Sunday, November 15, 2009

Take that stains!


With all the working out that I do, it is inevitable that sweat and I go hand in hand (or should I say armpit in armpit). I normally like to wear dark colored shirts, but there are times when I wear a white shirt, and it never fails that I get perspiration stains under the arms. In the past I would just throw out the shirt, but that is such a waste of money. I've researched ways to remove the stains with some at home treatments and in doing so, I came across this amazing website.

What are some of your stain removal tips and tricks? I'm always looking for great cleaning advice.

Also, click here to find a ton of other cleaning and organizing tips.

Is it a Perspiration Stain or Deodorant/Antiperspirant Stains?

It can sometimes be confusing as to whether that underarm or armpit stain is from perspiration or deodorant/antiperspirant. If the stain is yellow or green in color and has a crunchy or crispy texture, it’s due to perspiration. If the stain, however, is white or clear with a greasy texture, it’s due to the antiperspirant and should be treated as a grease stain with the appropriate solvent.

Step Away from the Bleach!

Although it’s counterintuitive, chlorine bleach is one of the worst things you can use to treat perspiration stains, even on white cotton fabric. The chlorine in household bleach will react with the proteins in the perspiration and cause the remaining stain to darken even further. You thought the pale yellow stains gave you pause – just wait until your collar and underarms are almost mustard in color!

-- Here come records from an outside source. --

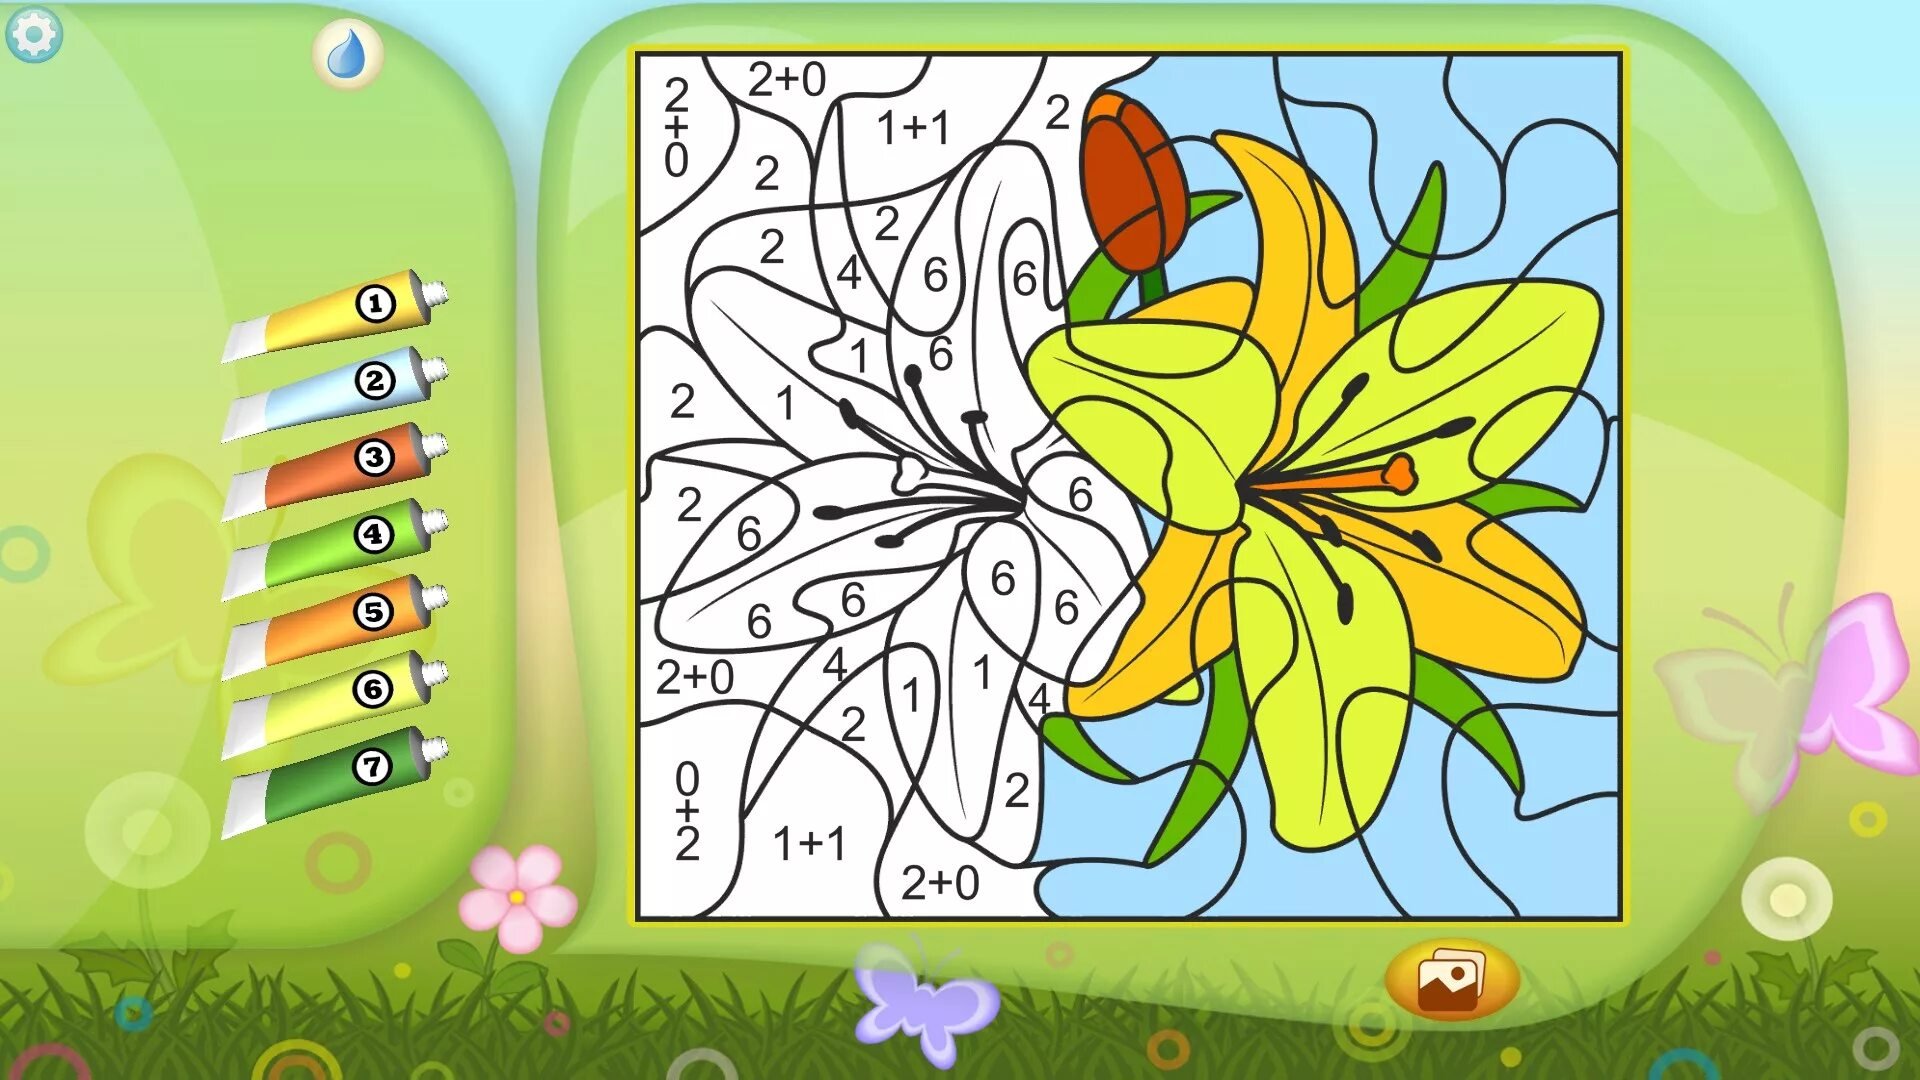 Игра раскрашивать раскраску. Игра цветы разукрашивать по номерам. Игры для детей: раскраски. Раскраска по цветам для детей. Рисование по цветам для детей.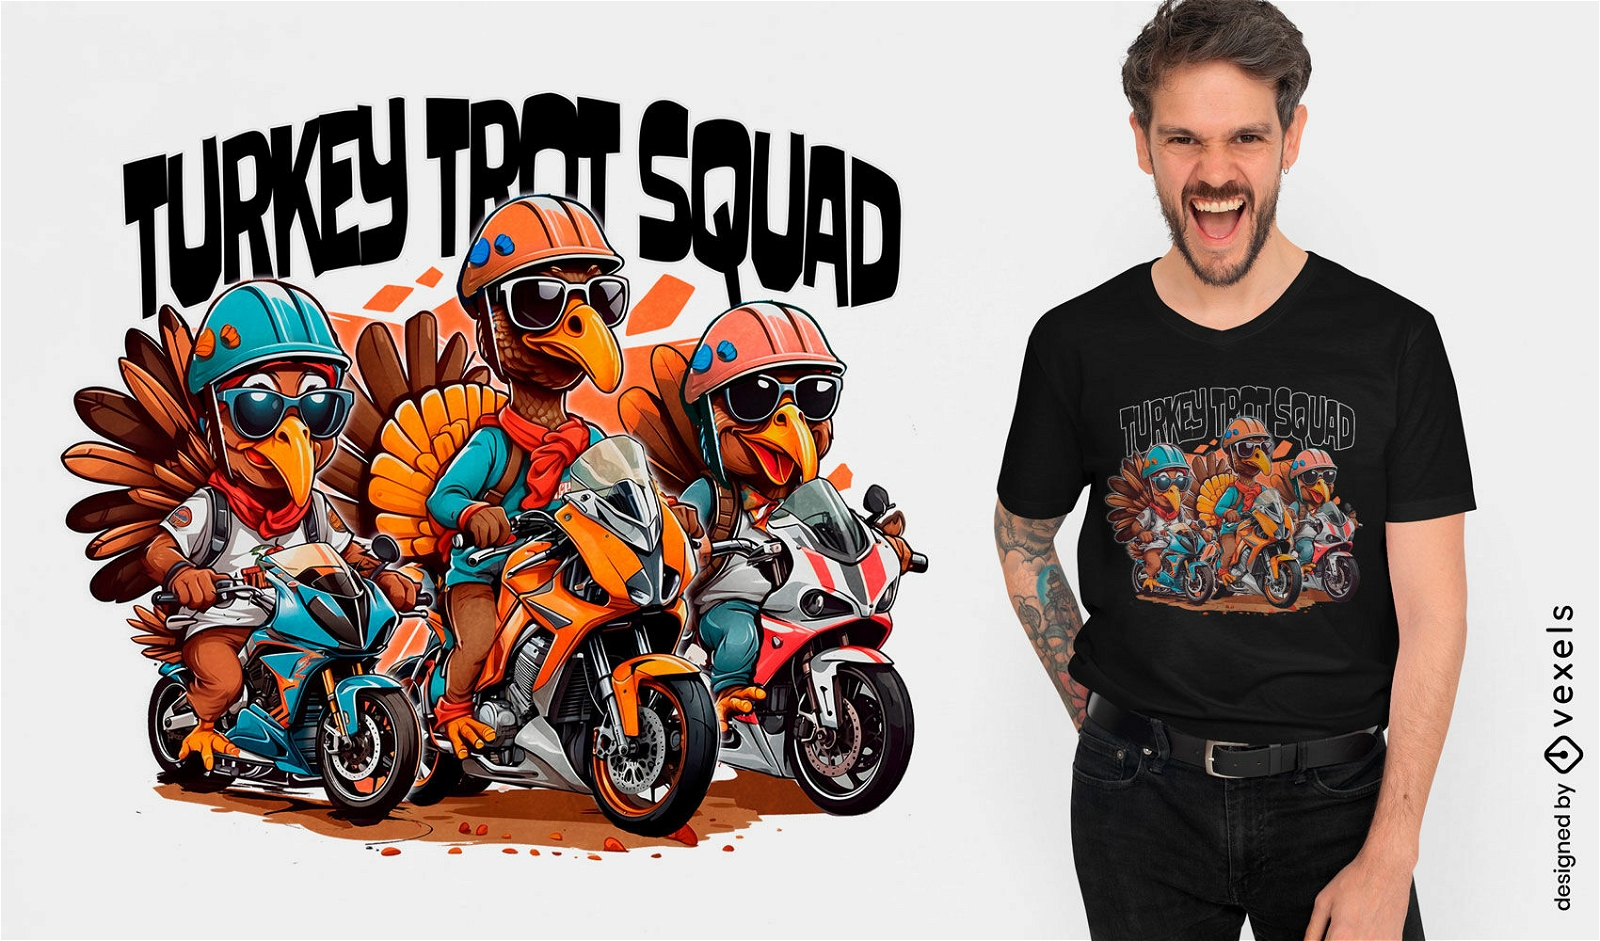 Diseño de camiseta de moto Turkey Trot Squad.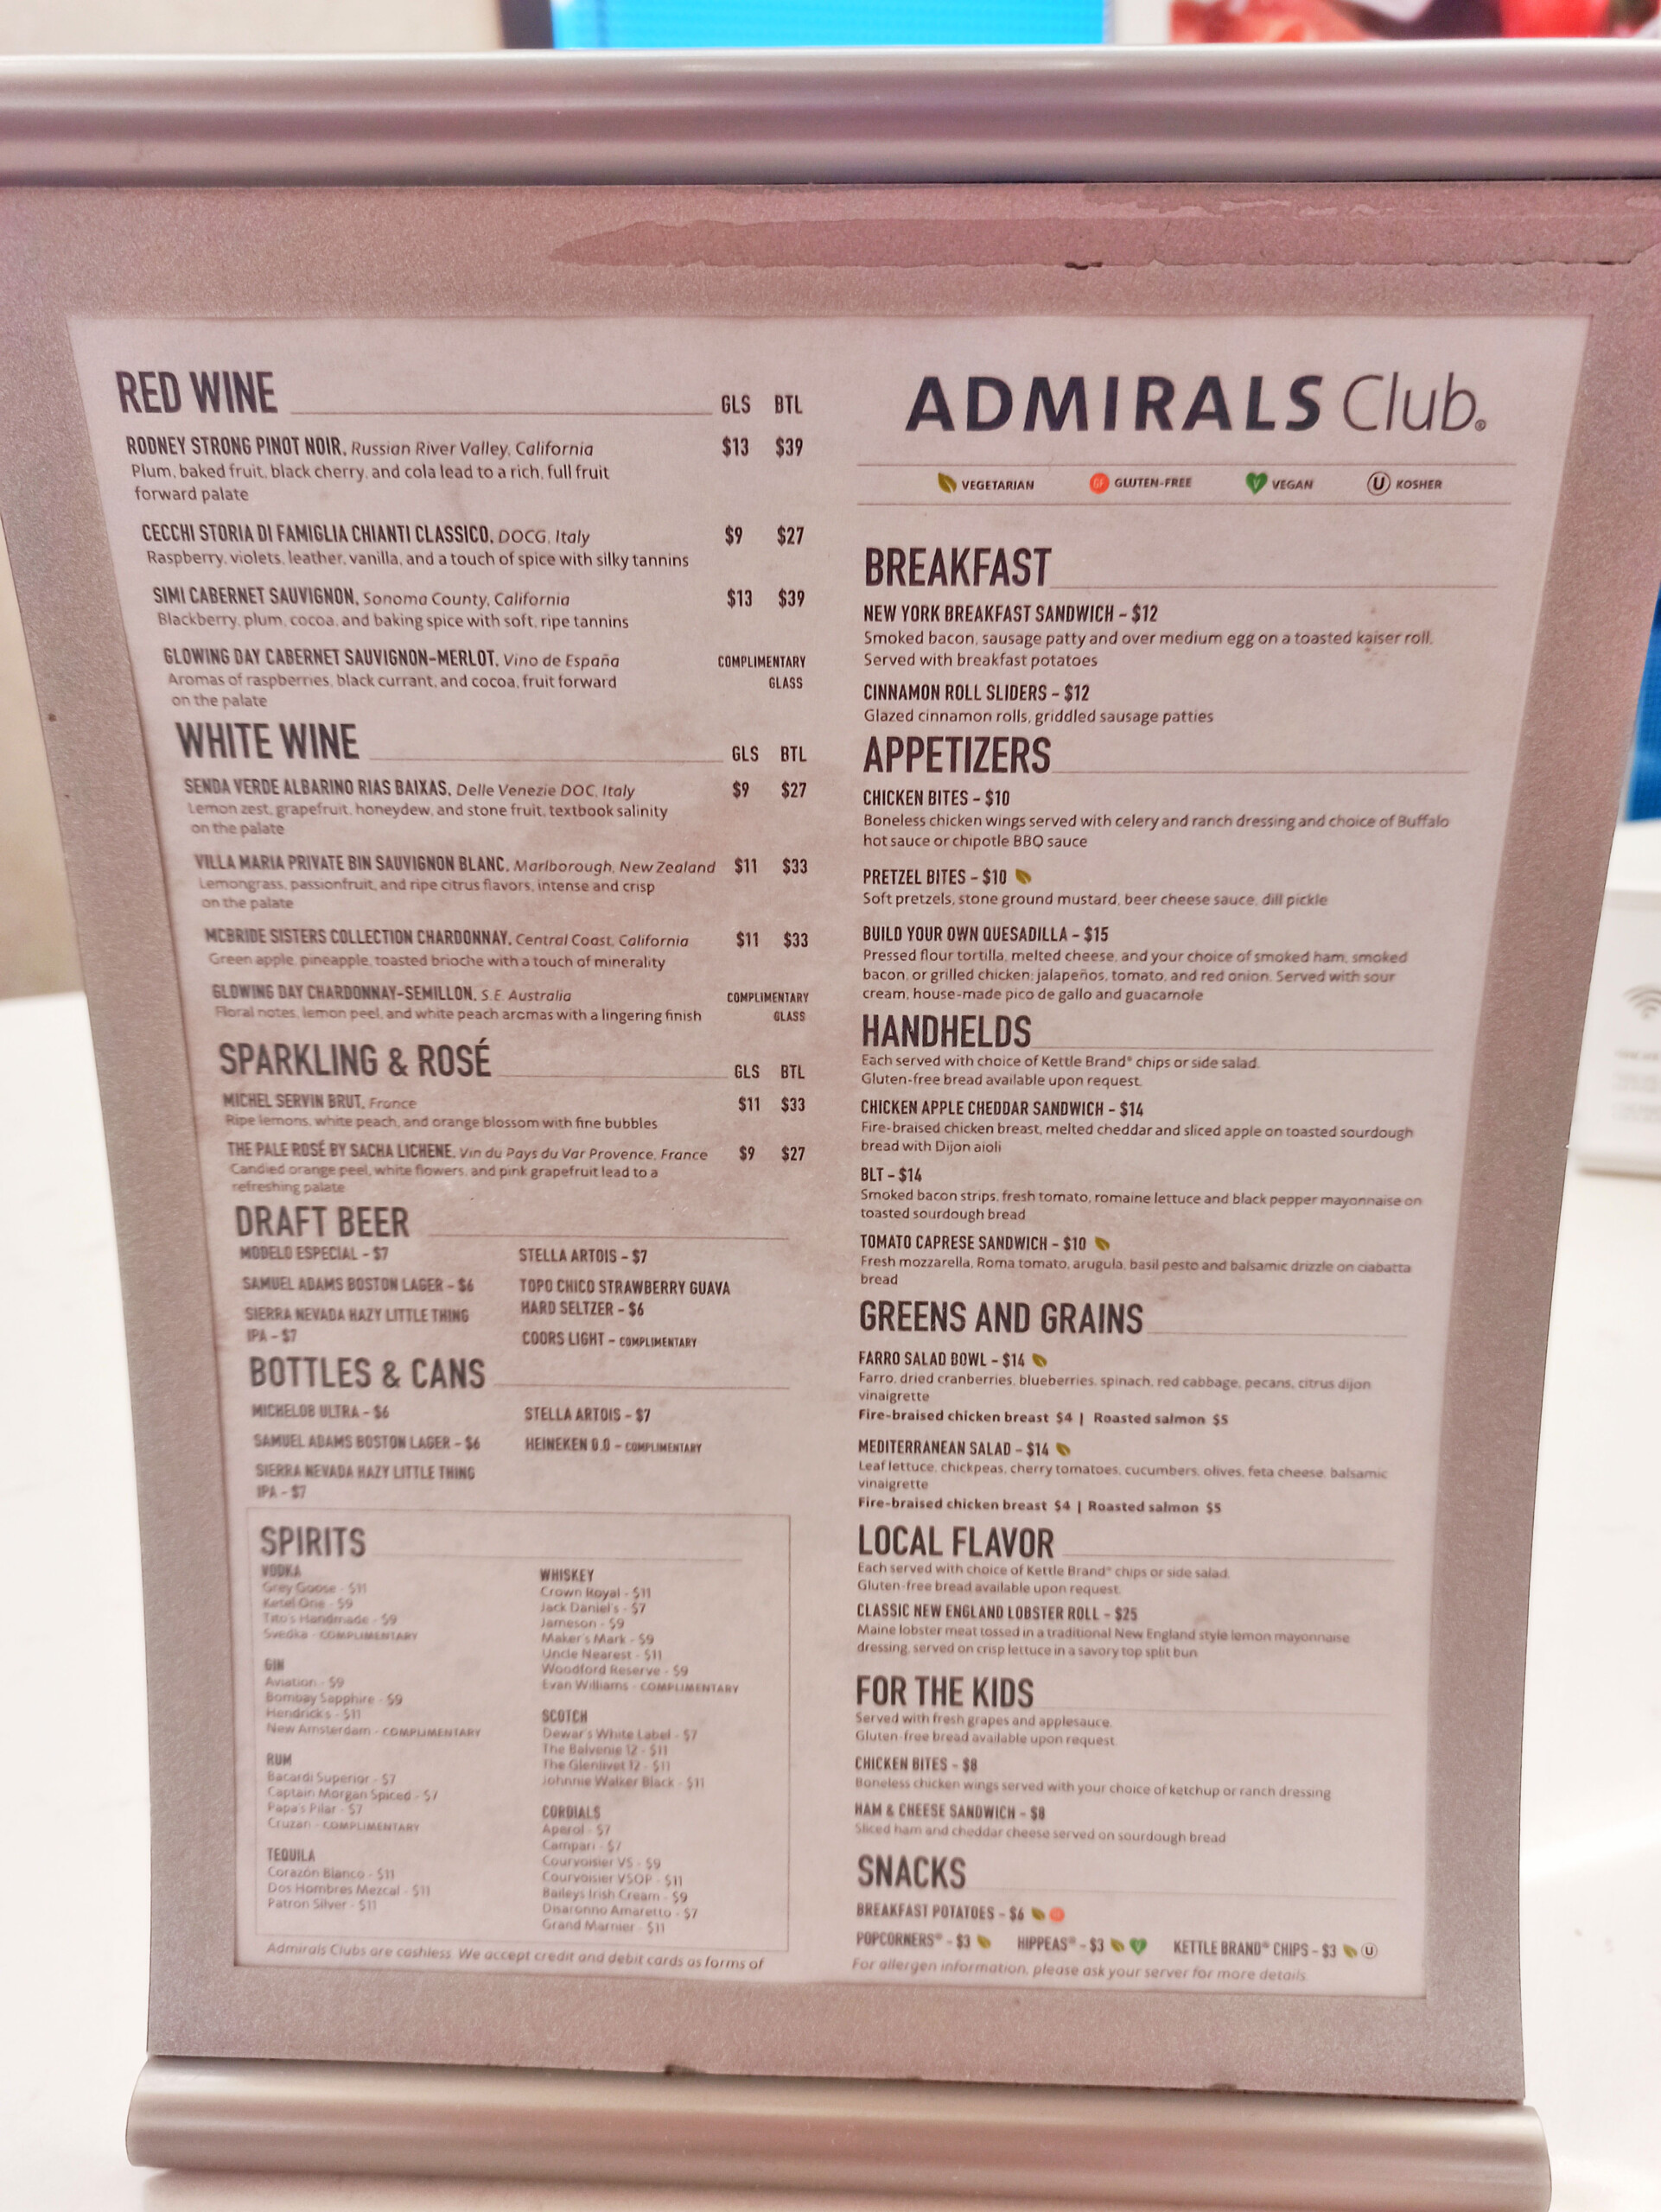 Boston Admirals Club Menu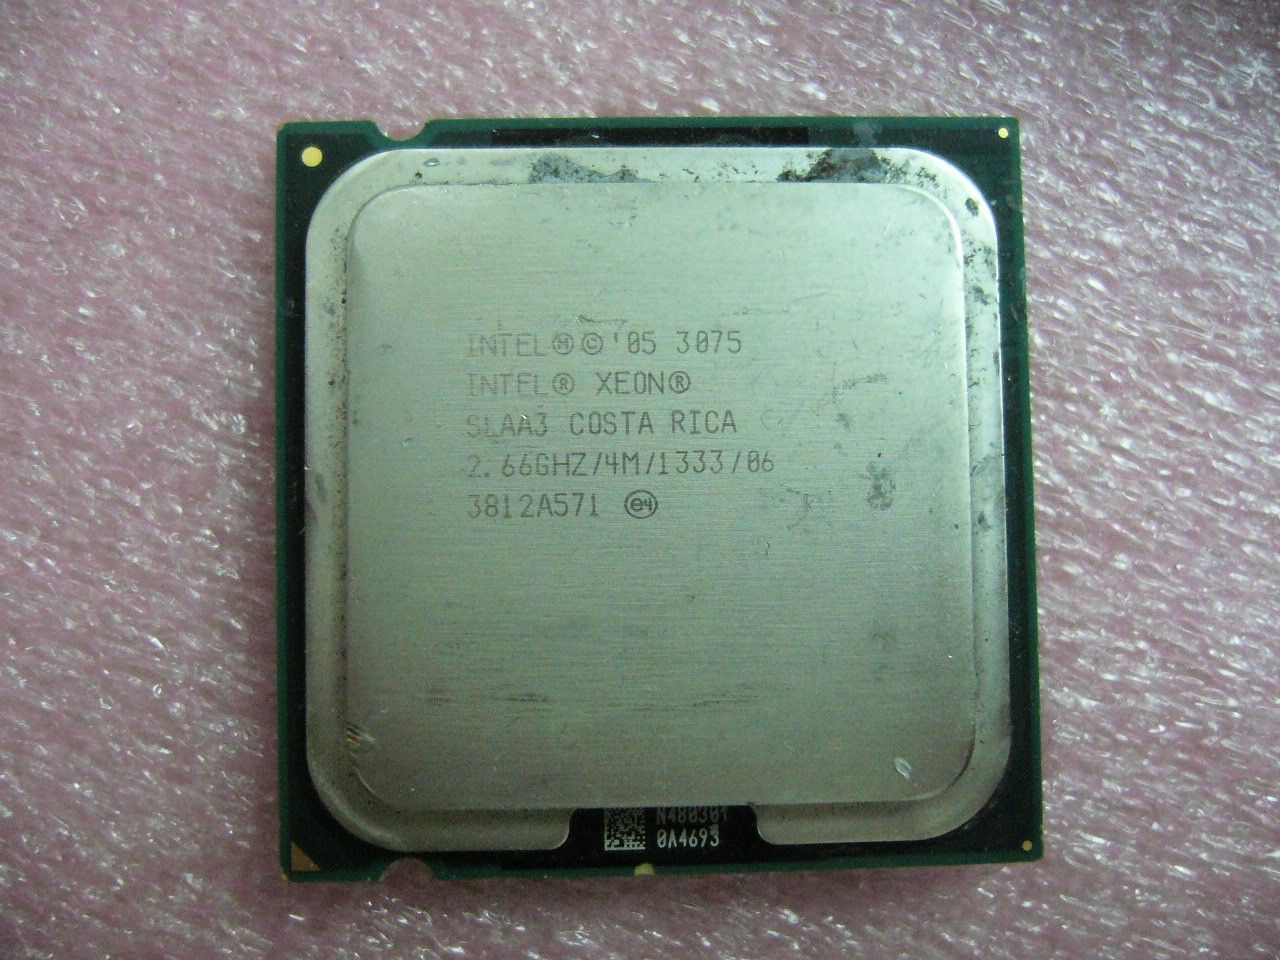 INTEL Dual Cores Xeon 3075 CPU 2.66GHz 4MB/1333Mhz LGA775 SLAA3 - zum Schließen ins Bild klicken

Stain Removal Option #1 – Start Simple with Detergent

There are so many great liquid laundry detergents on the market today that specialize in treating tough protein stains; the simplest first step in removing perspiration stains is to use liquid laundry detergent. We recommend using one that’s labeled as having oxygenated powers or concentrating in protein-based stains such as food and grass stains. Treat the affected area with full-strength liquid laundry detergent and let sit for 30 minutes. Launder as usual and air dry.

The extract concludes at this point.